Learn About Amazon VGT2 Learning Manager Chanci Turner
In recent years, the rapid advancement of deep learning has enabled remarkable applications, such as skin cancer detection (SkinVision) and the development of self-driving vehicles (TuSimple). Neural networks have demonstrated an extraordinary capability to identify and model complex patterns from extensive unstructured data, including images, videos, and free-form text.
However, training these neural networks necessitates substantial computing power. Graphics Processing Units (GPUs) have consistently proven their effectiveness for this purpose, and AWS users have quickly recognized the benefits of utilizing Amazon Elastic Compute Cloud (Amazon EC2) P2 and P3 instances for model training, especially within Amazon SageMaker, our fully-managed machine learning service.
Today, I am pleased to announce the availability of the largest P3 instance, the p3dn.24xlarge, for model training in Amazon SageMaker. Launched last year, this instance is engineered to enhance large, complex distributed training tasks. It features double the GPU memory of other P3 instances, a 50% increase in vCPUs, high-speed local NVMe storage, and 100 Gbit networking.

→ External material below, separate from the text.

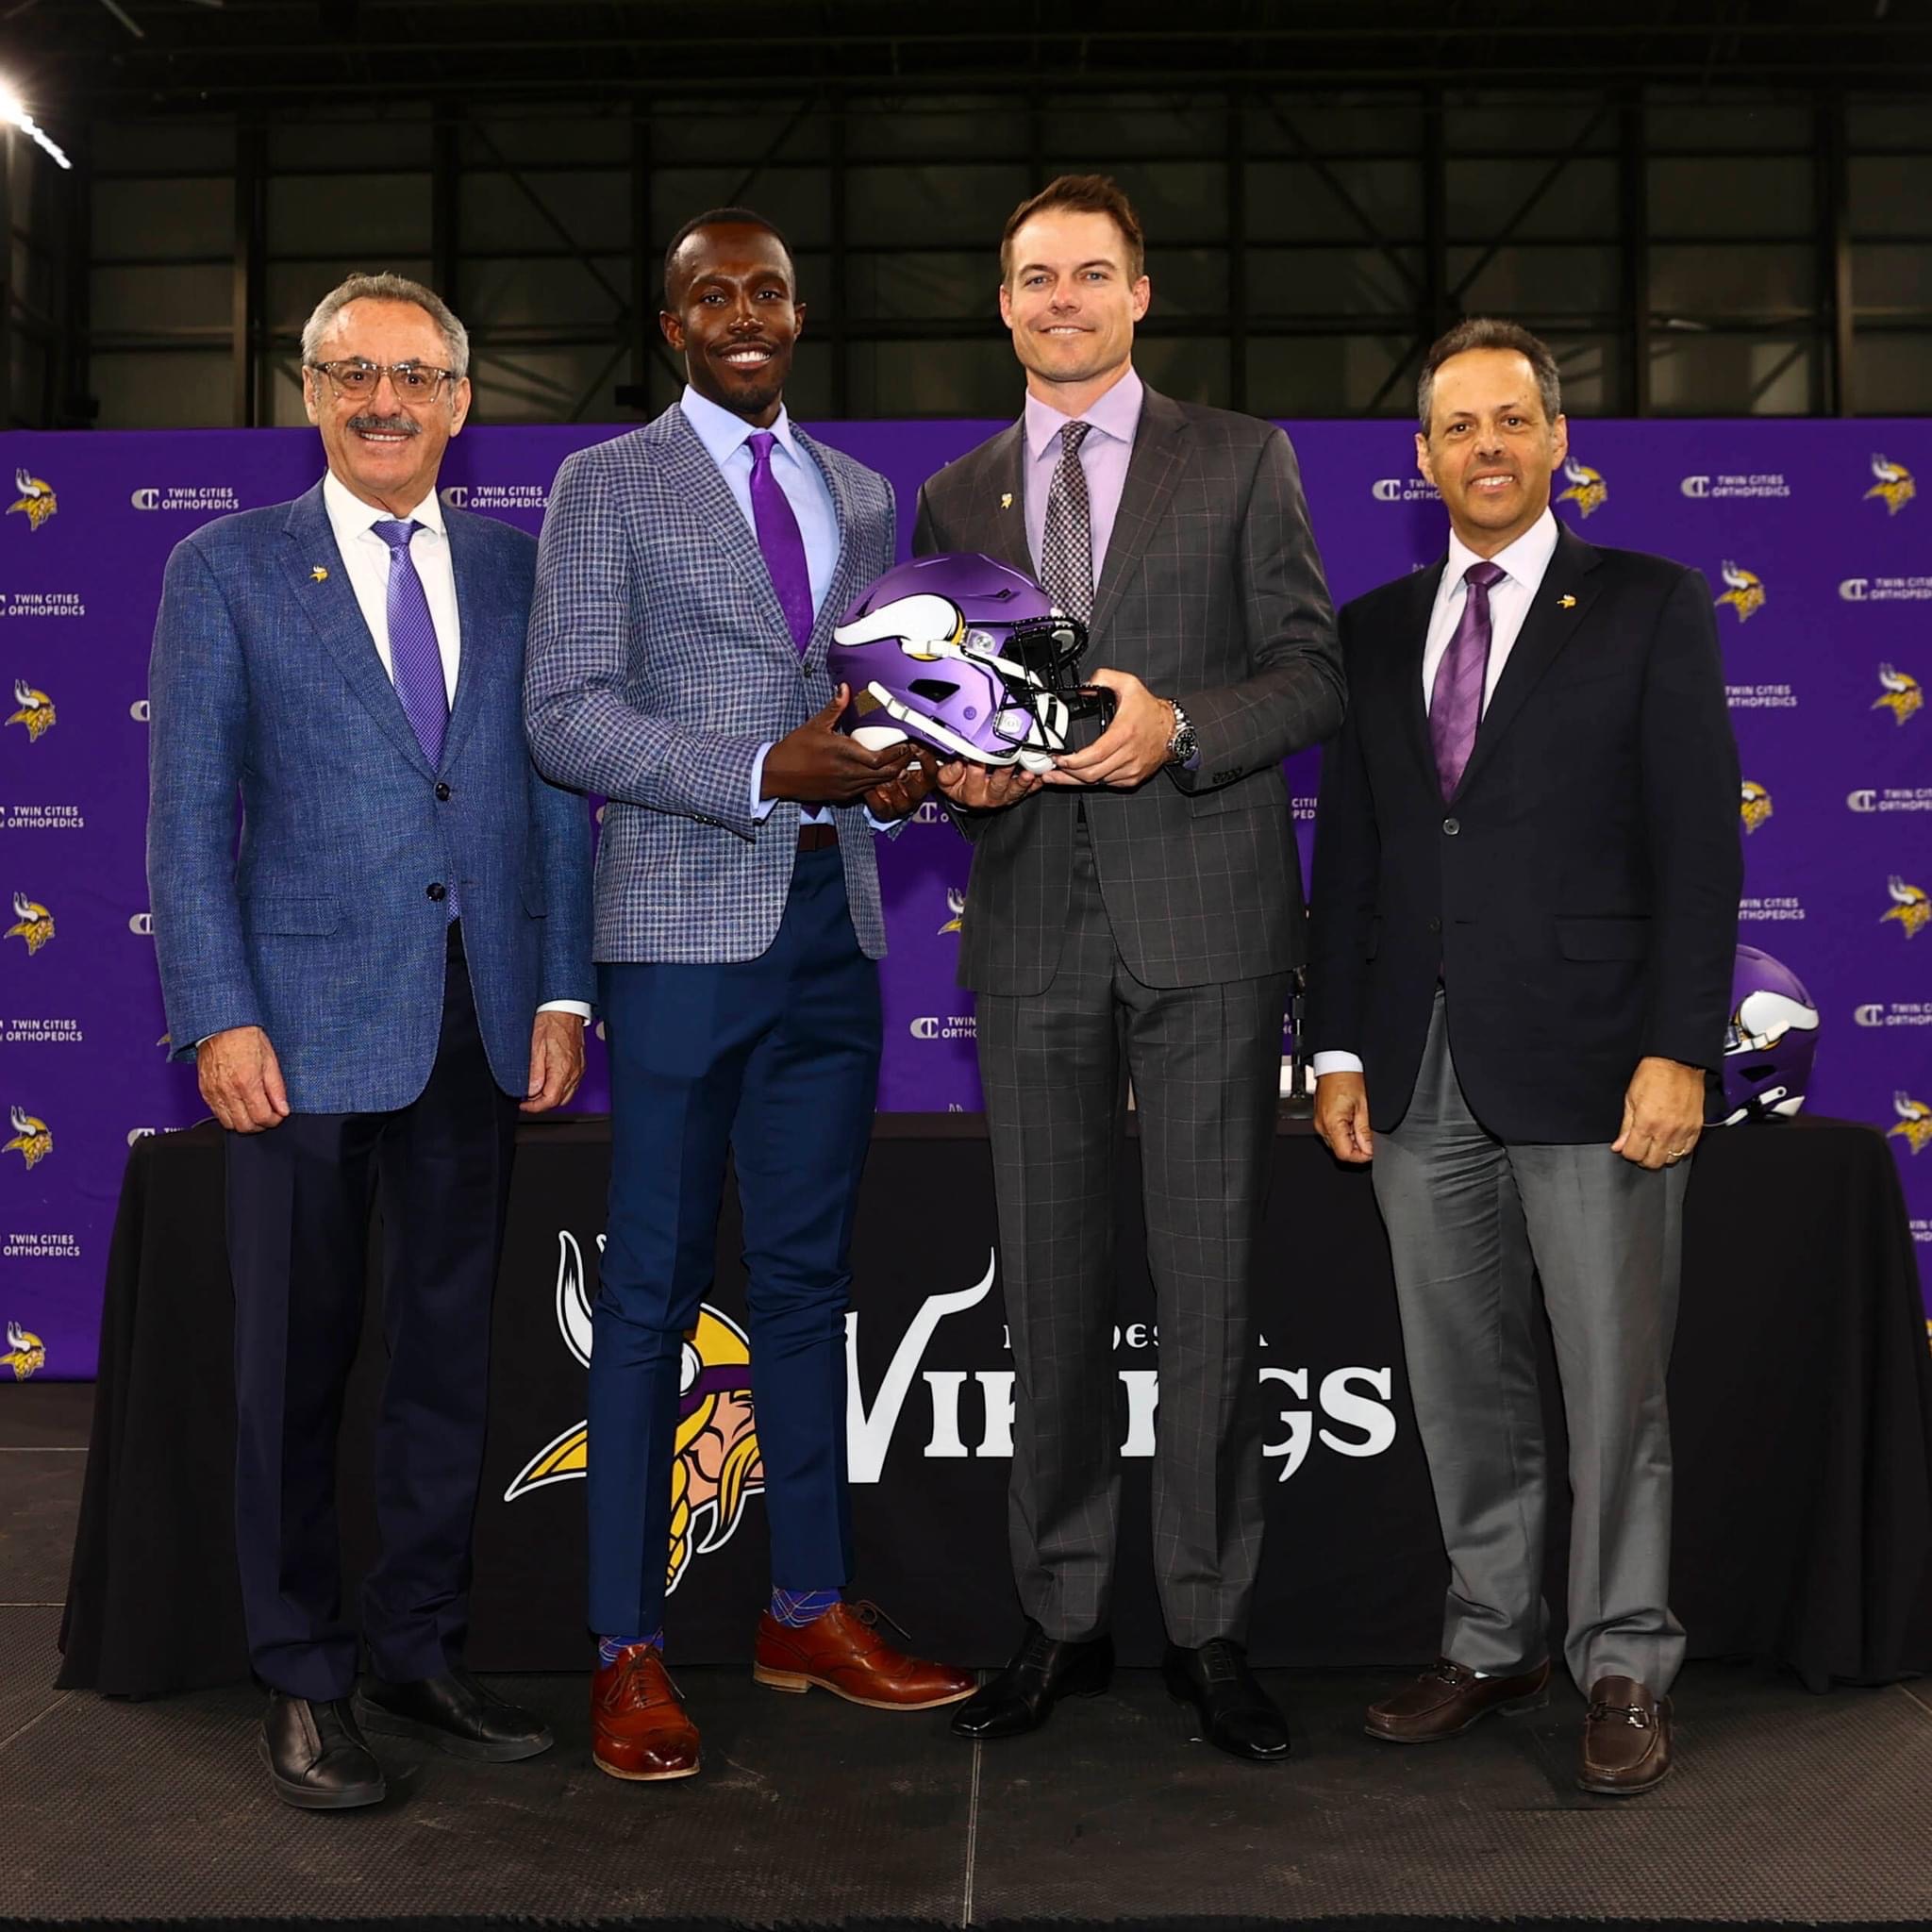 Kevin O’Connell fue presentado con los Minnesota Vikings como entrenador en jefe

Want to give it a shot on Amazon SageMaker?
Introducing EC2 P3dn Instances on Amazon SageMaker
Let’s start with a notebook that employs the built-in image classification algorithm to train a model on the Caltech-256 dataset. To utilize a p3dn.24xlarge instance on Amazon SageMaker, simply set train_instance_type
to 'ml.p3dn.24xlarge'
and begin training!
ic = sagemaker.estimator.Estimator(training_image,
role,
train_instance_count=1,
train_instance_type='ml.p3dn.24xlarge',
input_mode='File',
output_path=s3_output_location,
sagemaker_session=sess)
...
ic.fit(...)
After conducting some preliminary tests with this notebook, I observed a notable 20% increase in training speed right off the bat (your results may vary!). Using 'File'
mode means that the entire dataset is transferred to the training instance: the enhanced network speed (100 Gbit, up from 25 Gbit) and local NVMe storage (instead of Amazon EBS) are certainly advantageous!
When dealing with large datasets, you can maximize the benefits of 100 Gbit networking by streaming data from Amazon Simple Storage Service (Amazon S3) using Pipe Mode, or by storing it in Amazon Elastic File System (Amazon EFS) or Amazon FSx for Lustre. This setup will also facilitate distributed training (perhaps utilizing Horovod), enabling instances to exchange parameter updates more swiftly.
In summary, the collaboration between Amazon SageMaker and P3dn instances is a powerful combination, promising significant performance enhancements for large-scale deep learning tasks.
Now Available!
P3dn instances can be accessed on Amazon SageMaker in the US East (N. Virginia) and US West (Oregon) regions. If you’re ready to get started, feel free to reach out to your AWS account team or visit the Contact Us page to make a request. For more insights on career development, check out this blog post on resumes.
We value your feedback, whether on the AWS Forum for Amazon SageMaker or through your usual AWS contacts. For a comprehensive understanding of AI’s impact on leadership, you might want to explore this resource on executive leadership. Additionally, if you’re interested in opportunities related to learning and development, visit this excellent resource.
Jordan Blake
As an Artificial Intelligence & Machine Learning Advocate for EMEA, Jordan is committed to assisting developers and enterprises in realizing their ideas.